Dosimetric Comparison of Volumetric Modulated Arc Therapy (VMAT), Step and Shoot and Sliding Window IMRT for Prostate Cancer
E Schnell*, T De La Fuente Herman, O Algan, L Syzek, T Herman, J Young, K Hildebrand, S Ahmad, Oklahoma Univ. Health Science Ctr., Oklahoma City, OKSU-E-T-577 Sunday 3:00:00 PM - 6:00:00 PM Room: Exhibit Hall
Purpose: This study aims to evaluate treatment plans generated by Step-and-Shoot (SS), Sliding Window (SW) and Volumetric Modulated Arc Therapy (VMAT) in order to assess the differences in dose volume histograms of planning target volume (PTV) and organs at risk (OAR), conformity indices, radiobiological evaluations, and plan quality for prostate cancer cases.
Methods: Six prostate cancer patients treated in our center were selected for this retrospective study. Treatment plans were generated with Eclipse version 8.9 using 10 MV photon beams. For VMAT, Varian Rapid Arc with 1 or 2 arcs, and for SS and SW IMRT, 7-9 fields were used. Each plan had three PTVs with prescription doses of 81, 59.4, and 45 Gy to prostate, to prostate and lymph nodes, and to pelvis, respectively. Doses to PTV and OAR and the conformal indices (COIN) were compared among three techniques. The equivalent uniform dose (EUD), tumor control probability (TCP) and normal tissue complication probability (NTCP) was also calculated and compared.

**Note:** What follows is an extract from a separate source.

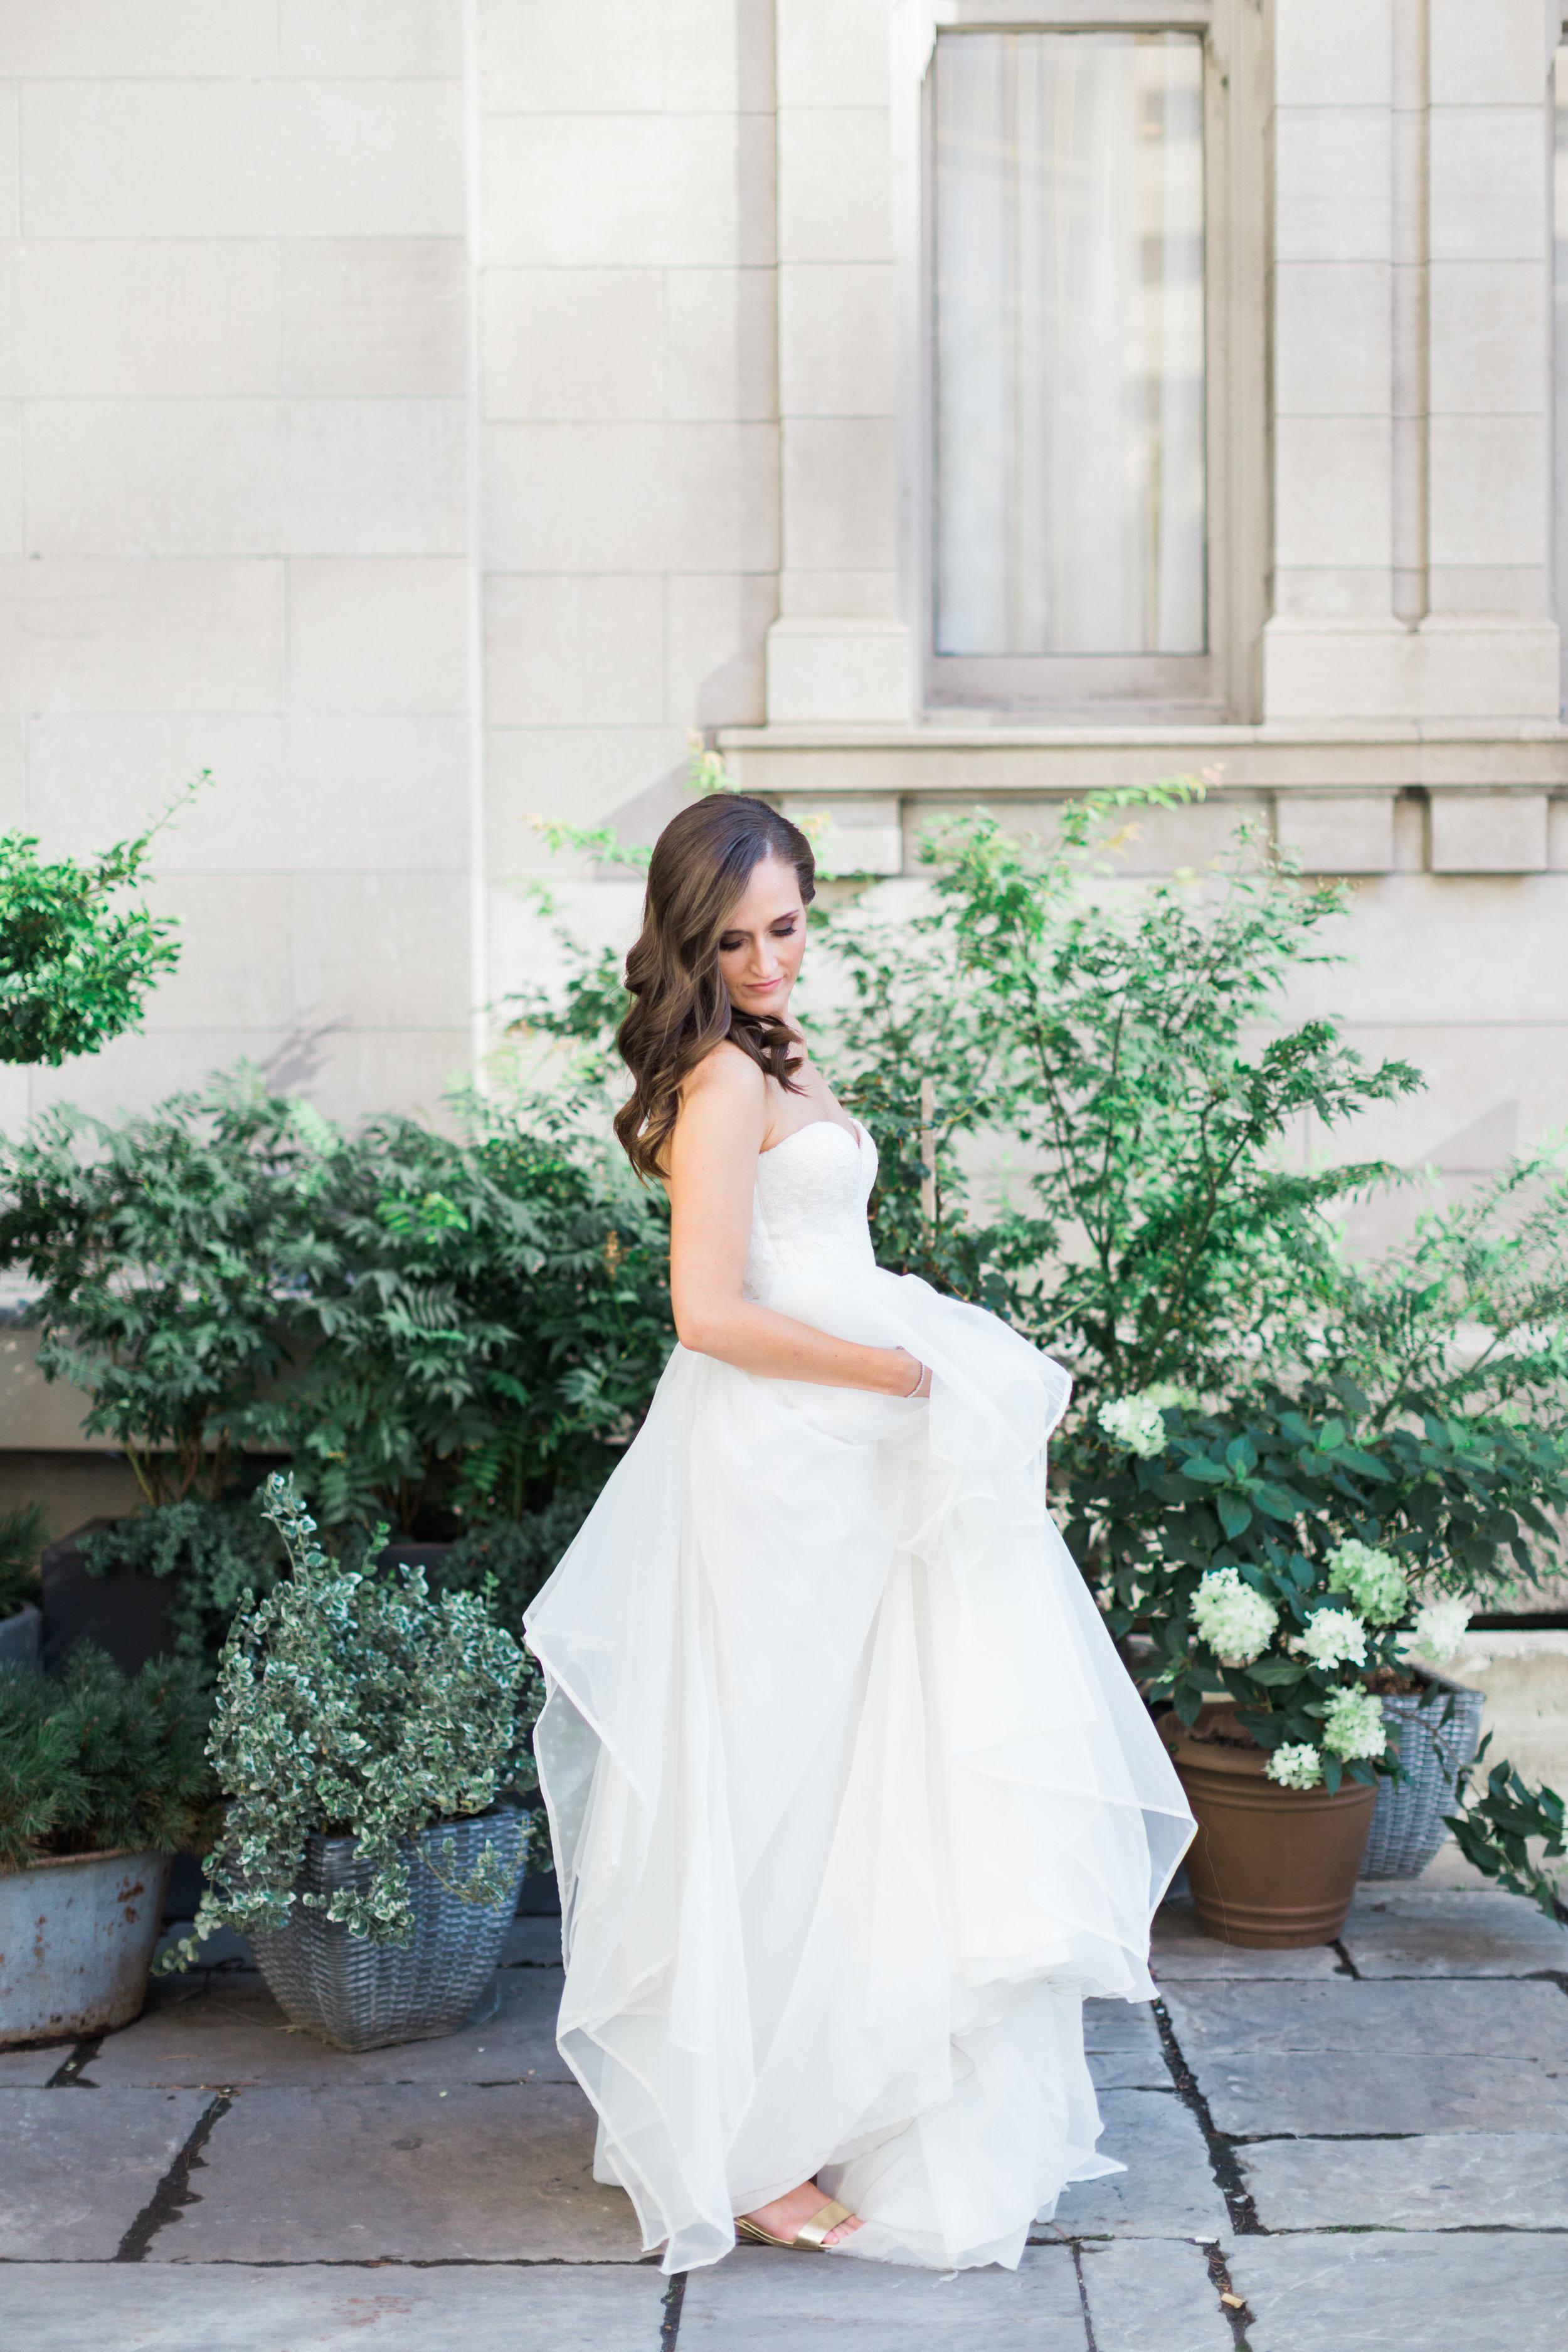 Toronto Fine Art Photographer - Yorkville Wedding - Bride & Groom Portraits-72.jpg

Results: The mean doses to the PTV prostate on average were 83 Gy and the percent differences of mean dose among all techniques were below 0.28. For bladder and rectum, the percent differences of mean dose among all techniques were below 2.2. The COIN did not favour any particular delivery method over the other. The TCP was higher with SS and SW for four patients and higher with VMAT for two patients. The NTCP for the rectum was the lowest with VMAT in all patients except one.
Conclusions: Preliminary data shows similar target coverage in general. We will extend our study to include 15 patients to compare different approaches with statistics. We will attempt to define characteristics predictive of the superior delivery technique.